The third single "Kiss & Cry" was originally released on May 31, 2007, as a promotional single in Japan, but later served as an A-side with the song "Beautiful World" on August 29. Although both songs achieved success together and individually in Japan, "Beautiful World" was certified million by the RIAJ for exceeding over one million digital downloads. The next A-side single was "Heart Station"/"Stay Gold", which was released on February 20, 2008. Despite selling well through digital sales, it became Utada's first single release to not sell 100,000 physical units in Japan. "Fight the Blues" was the album's only digital single; it was scheduled to be released on March 26, 2008, but was pushed back to April 8. It reached number one on the Japan Hot 100 chart, and 53 on Japan's top ringtone sales chart. The album's eighth and final single, "Prisoner of Love", was released on May 21, 2008. It became the album's third single to sell over one million units through digital sales, but was still unable to sell over 100,000 physical units in Japan.

==Critical reception==

Upon its release, Heart Station received positive reviews from most music critics. An editor writing for Rolling Stone Japan awarded the album a complete five star rating, commending the album's "extremely high" quality. The editor also complimented Utada's song writing and composition, and finally highlighted "Beautiful World" as the album's best song. In another positive review, a member at Amazon highlighted the singles as the album's better cuts, but recommended "Boku wa Kuma" as the top track. Similarly, a staff member at CD Journal selected the singles as the best songs on the album, labelling the quality as "lavish". Although the album was not reviewed on the American website AllMusic, staff member David Jefferies highlighted the tracks "Beautiful World", "Flavor of Life", the title track, "Prisoner of Love", "Stay Gold", and "Take 5" as some of Utada's greatest songs. Selective Hearing staff members praised the composition and single releases. The members also highlighted the fact that they could "hear half the album through single releases." In conclusion, they said "This is totally worth picking up."

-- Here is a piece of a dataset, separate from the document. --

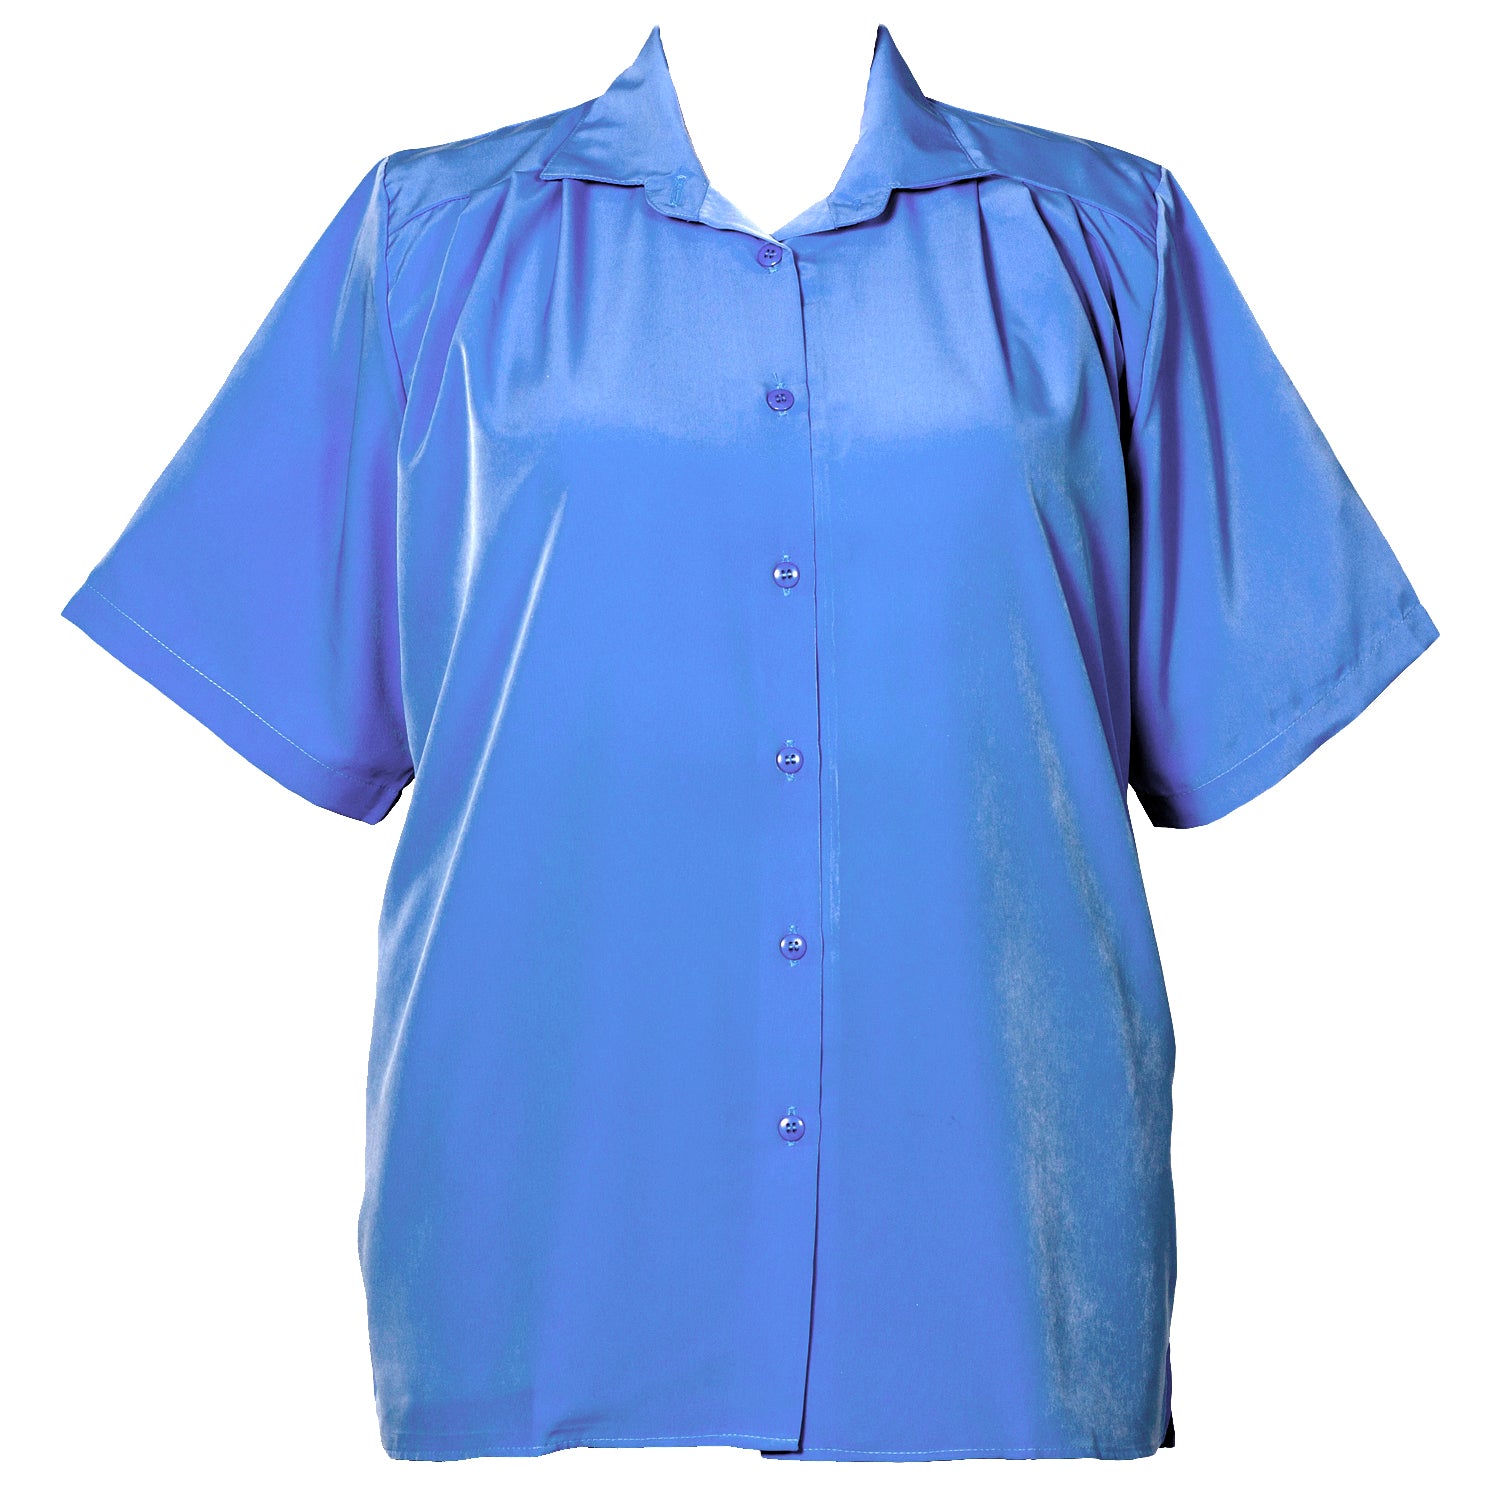 Slate Blue short sleeve Tunic Women's Plus Size Blouse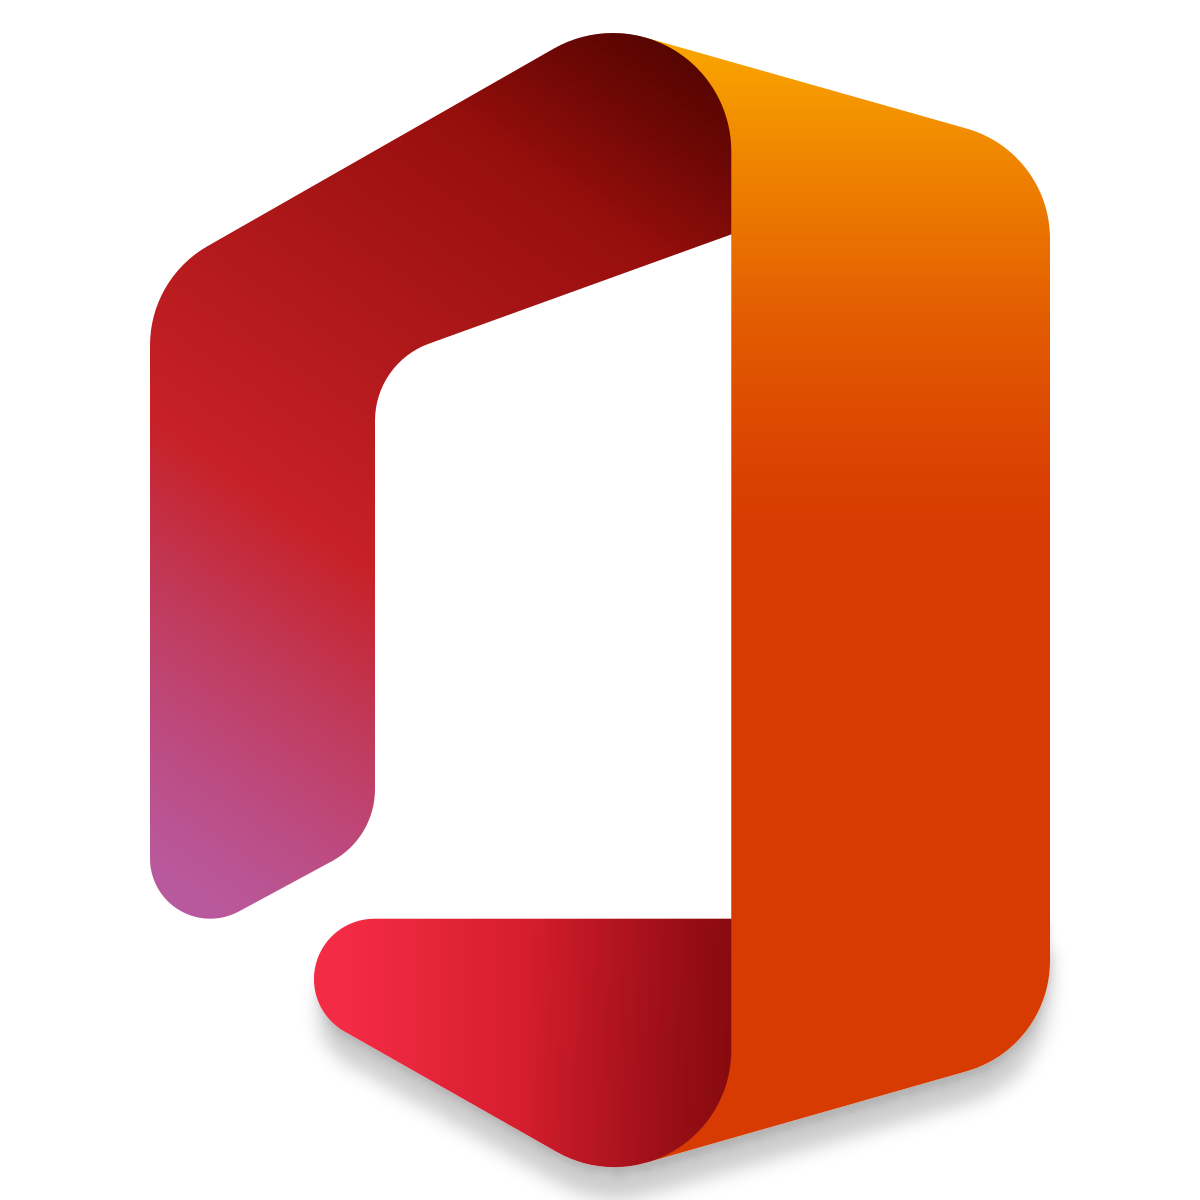 Nuovo logo Microsoft Office app per Windows 10 Android e iOS

Nevertheless, the album was also criticized, mainly for its apparent lack of innovation and having at least half of the album filled with singles, as stated by Daniel Robson from The Japan Times. He further explained, "But really, when you unwrap your ¥3,059 copy of Heart Station and realize that seven of the 13 tracks have been released as singles or B-sides, stretching back 16 months, you may feel a little short-changed." Through he identified this as a "common practice" in Japan, he complimented their vocals and highlighted "Fight the Blues" as the album's best track. He also described the production of the single releases as "lazy".

Tetsuo Hiraga from Hot Express was mixed in his review. Though he praised Utada's production on most tracks, he criticized her "merely exaggerated" song writing and vocal abilities, and called most of the music "tiring". Despite this, in conclusion, he stated that the album offers "some impact" to the listener. Although reviewing their 2009 album This Is the One, The Gaysian.com editor Ekin considered it "disappointing" that Heart Station "contained a very simplistic sound with not much emphasis on rich sounds."

Professional ratings
Review scores
| Source | Rating |
| Amazon | (positive) |
| CD Journal | (positive) |
| Hot Express | (mixed) |
| The Japan Times | (mixed) |
| Rolling Stone Japan | Star |
| Selective Hearing | (positive) |

==Commercial performance==
Commercially, Heart Station was a success in Japan. It debuted at number one on both the Daily and Weekly Oricon Albums Chart, with 480,081 units sold in its first week of sales, making it the highest selling album by a female artist based on first week sales of 2008. Despite the album becoming Utada's fifth Japanese and seventh studio album to peak atop the charts, it resulted in being their lowest first week sales of their career. However, it also made Utada the second musical act, tied with Japanese group Checkers, Kinki Kids, and singer Hikaru Kenji, to have had all six of their studio albums to debut at number one since their debut. In its second week, it fell to number two and sold 135,857 units. The following it, it fell again to number seven, and sales slipped to 59,935 units. The album stayed inside the top 10 for 10 consecutive weeks, and lasted 55 weeks on the album charts.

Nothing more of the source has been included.